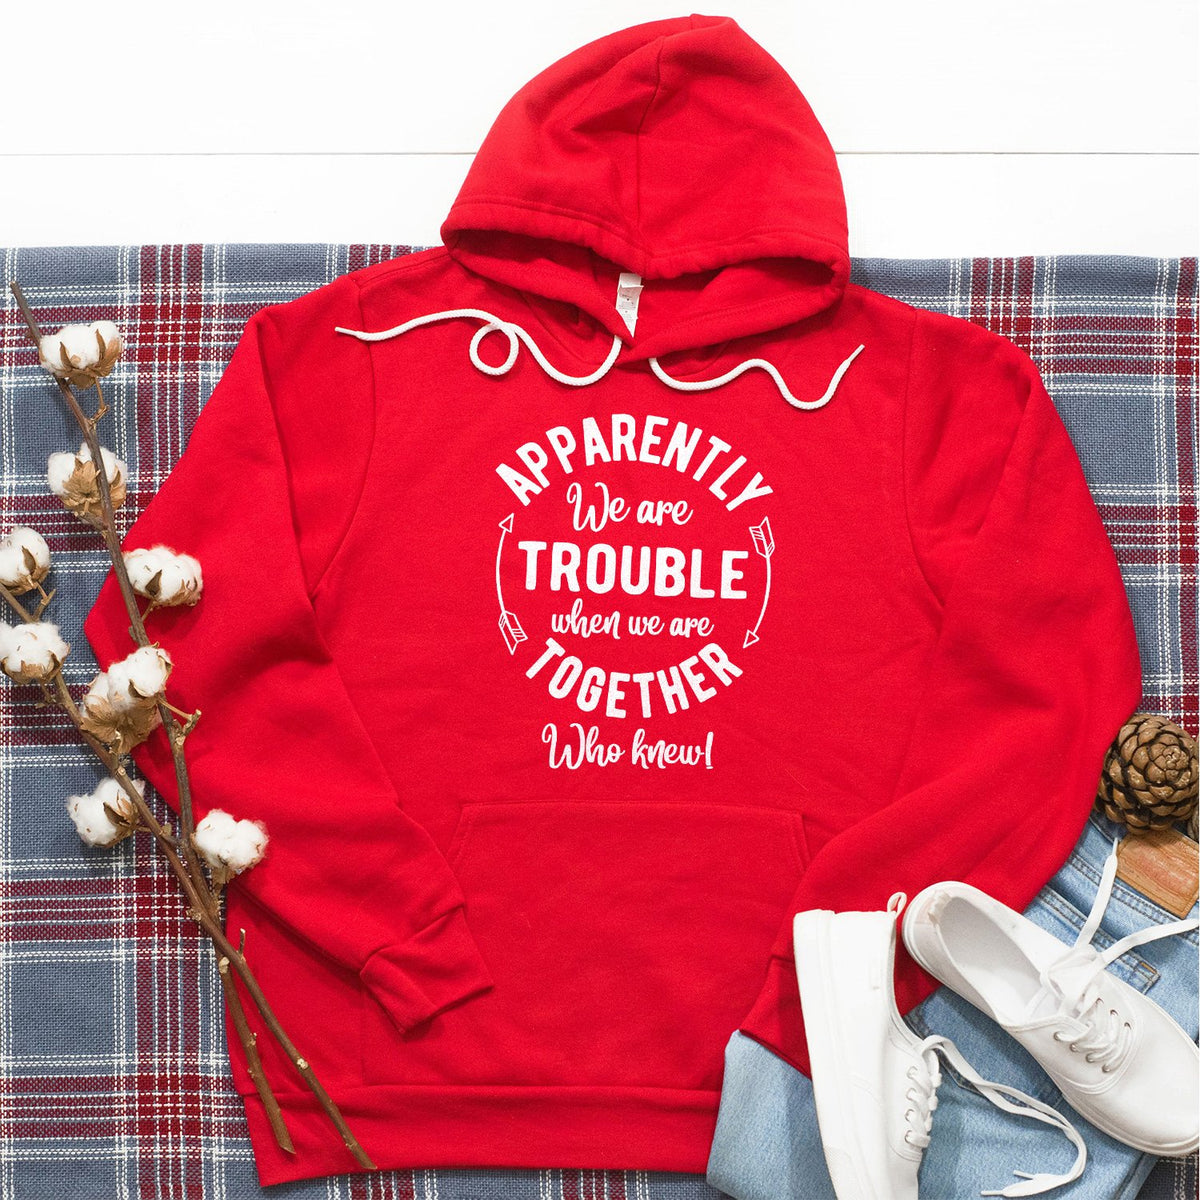 Apparently We Are Trouble When We Are Together - Hoodie Sweatshirt
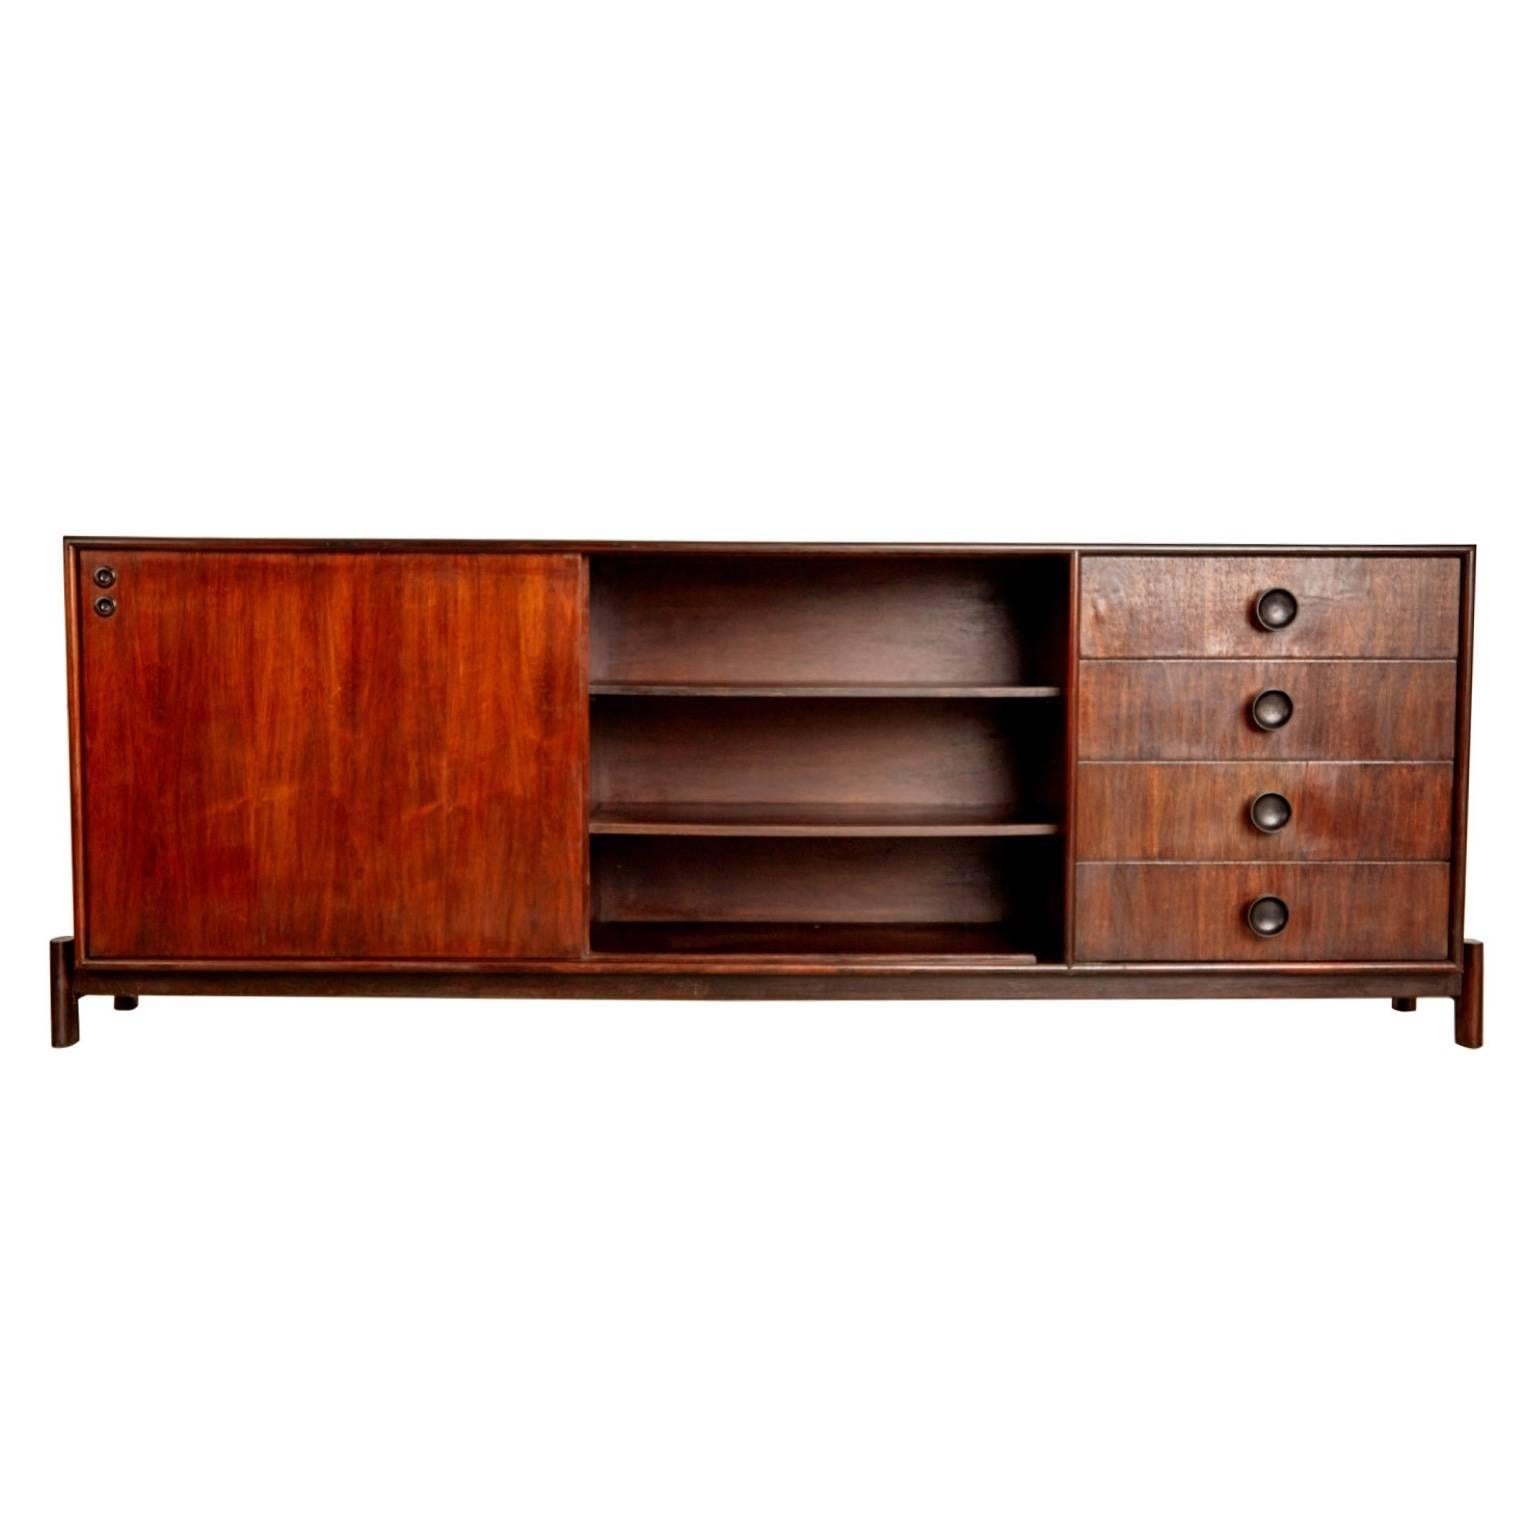 Newly imported from a private collector in Brazil, this impressive credenza by Carlo Hauner for Forma Brazil emulates the quality and innovation of Brazilian Modern design. Fabricated from dark Brazilian rosewood which shows a dramatic grain, this
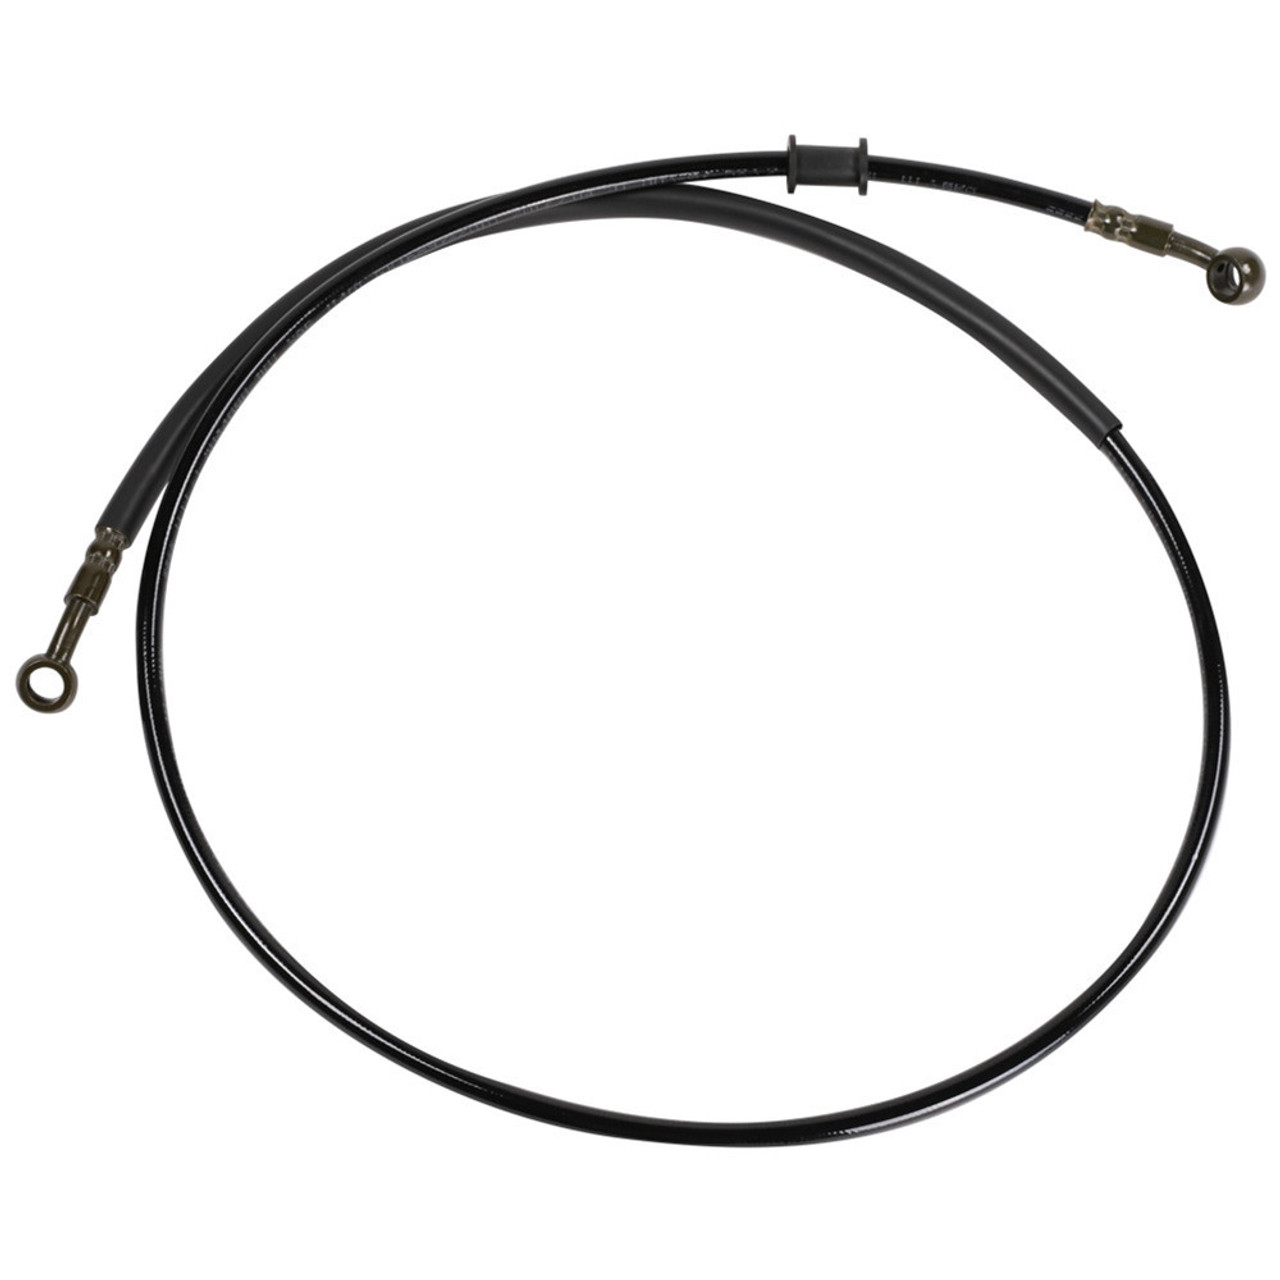 BRAKE HOSE LINE 44" FOR 150cc GY6 & 50cc QMB SCOOTERS WITH FRONT DISC BRAKES
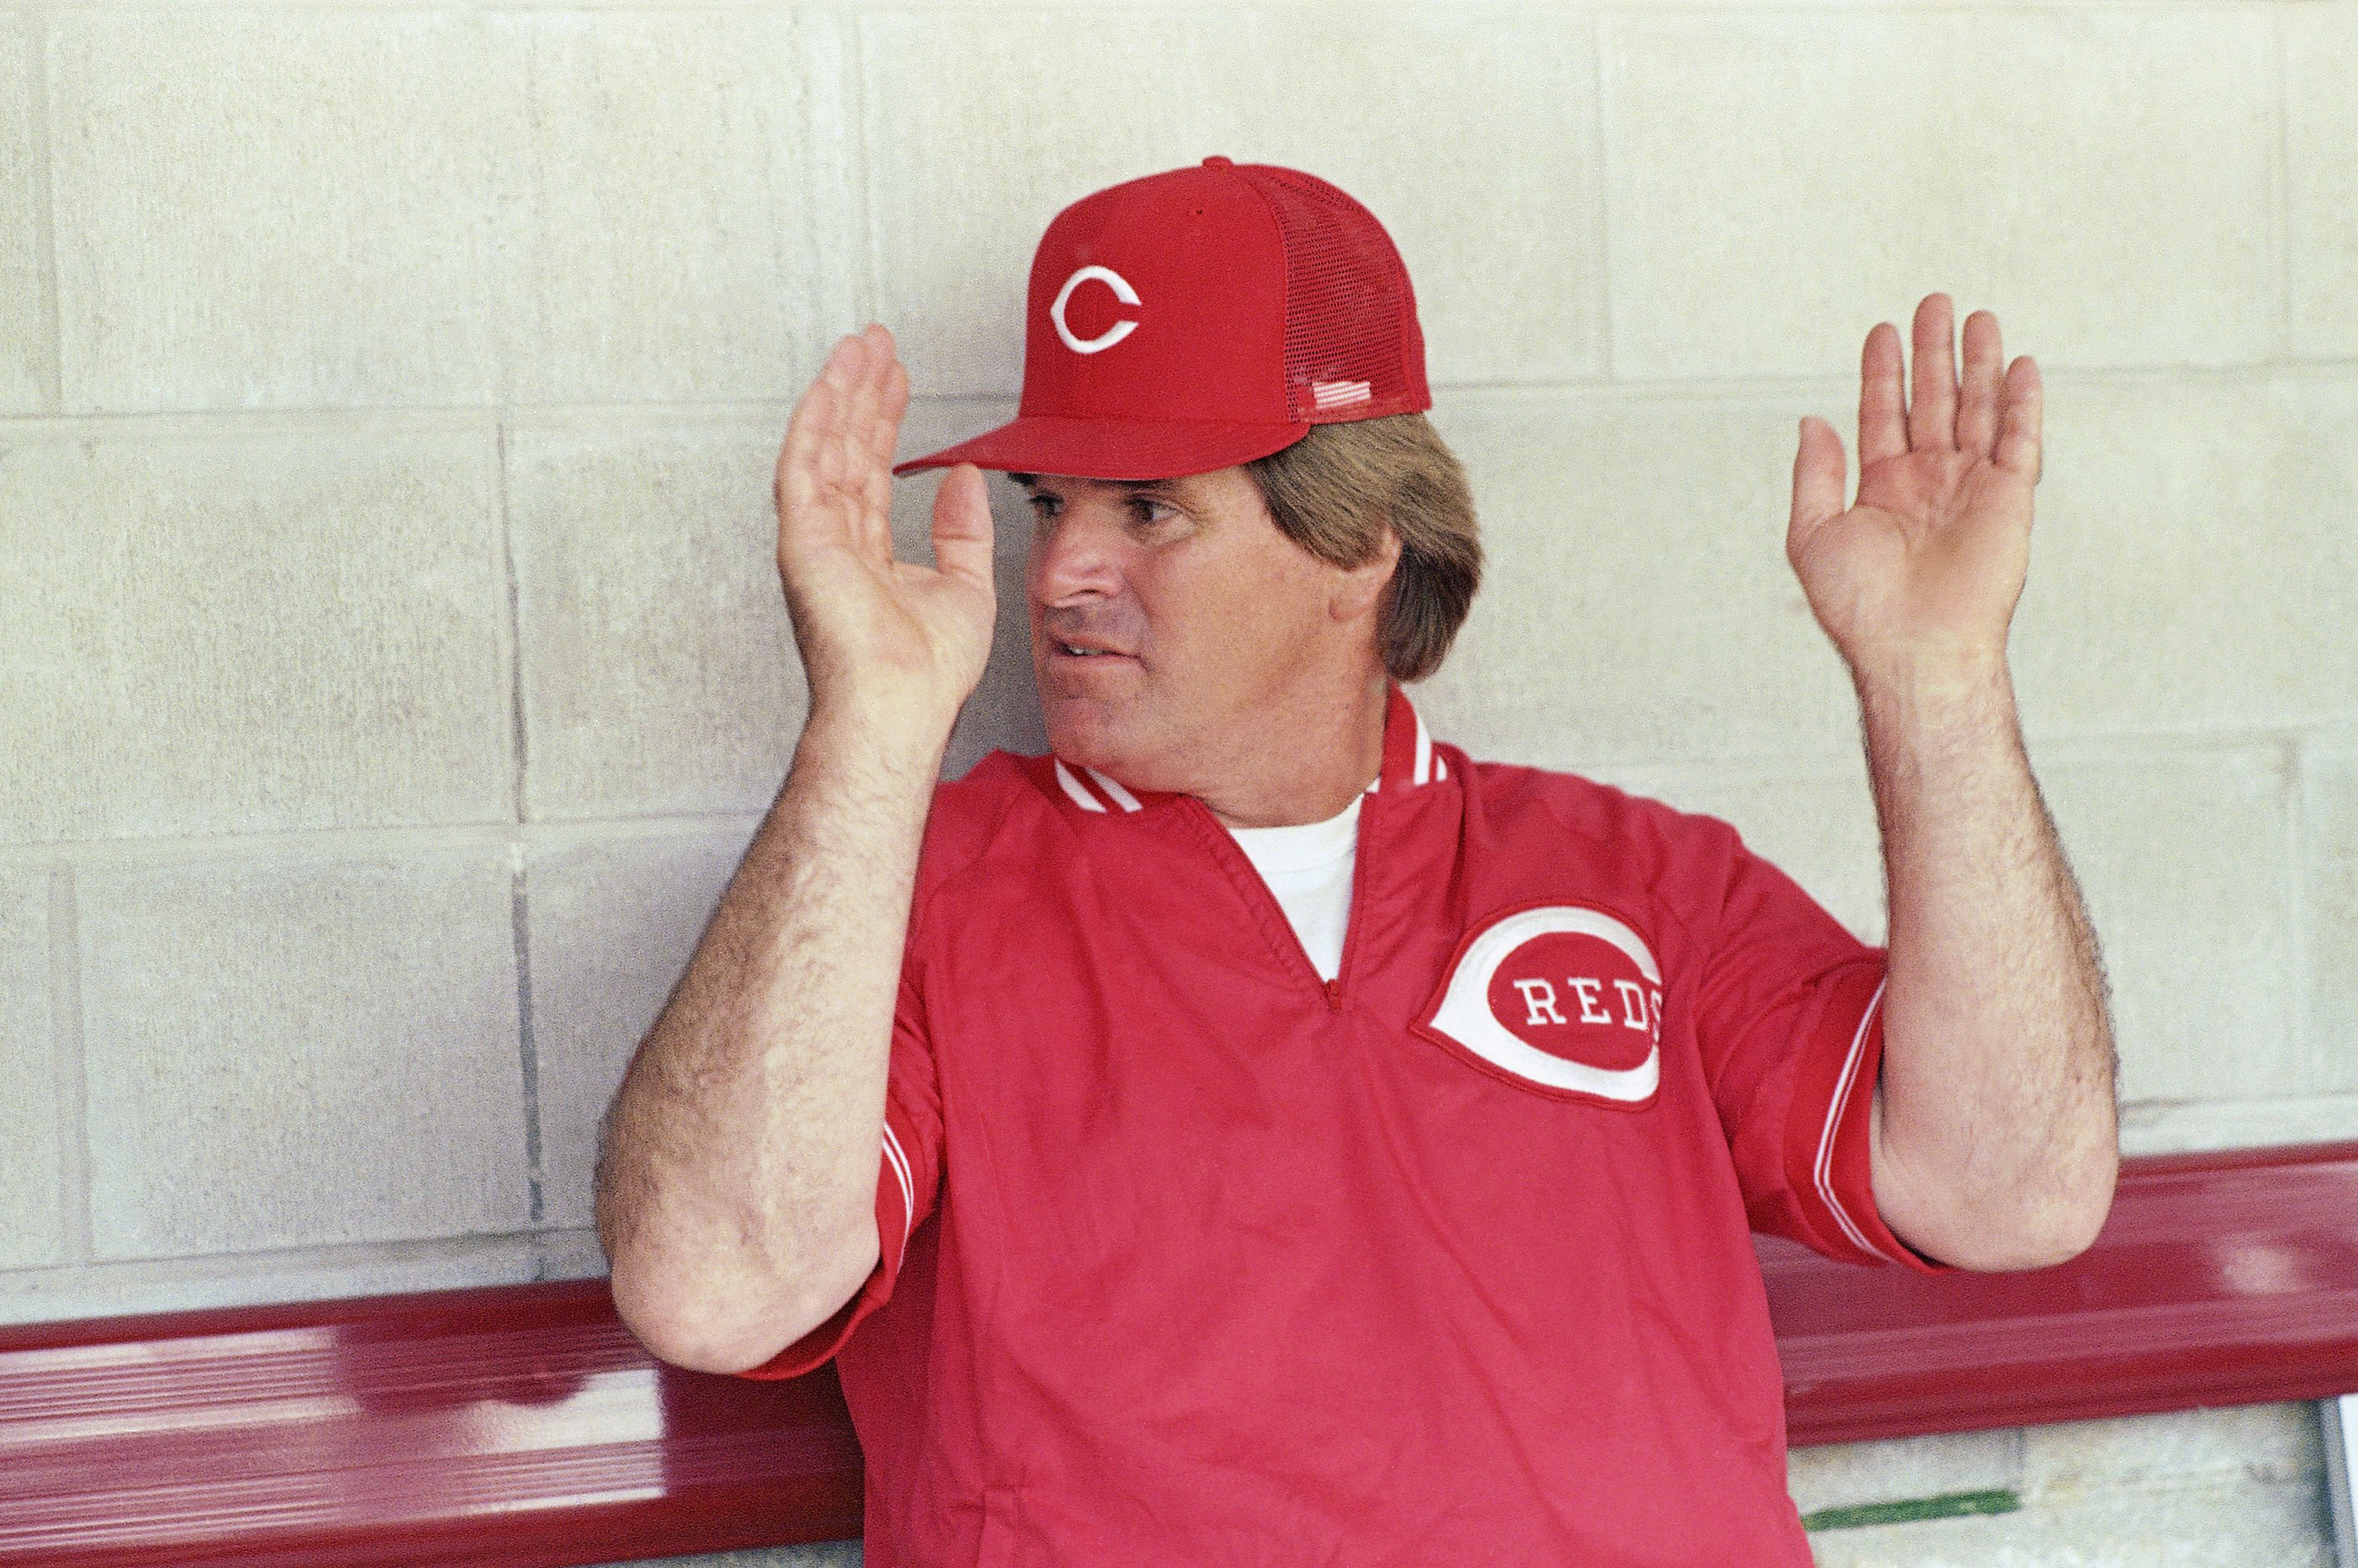 Pete Rose Enters the WWE Hall of Fame

________________________________________

What to do:
Where pictures sit among the data above, omit them, and output the rest exactly.

Written answer:
 Apparently We Are Trouble When We Are Together - Hoodie Sweatshirt
 Newly imported from a private collector in Brazil, this impressive credenza by Carlo Hauner for Forma Brazil emulates the quality and innovation of Brazilian Modern design. Fabricated from dark Brazilian rosewood which shows a dramatic grain, this
 BRAKE HOSE LINE 44" FOR 150cc GY6 & 50cc QMB SCOOTERS WITH FRONT DISC BRAKES
 Pete Rose Enters the WWE Hall of Fame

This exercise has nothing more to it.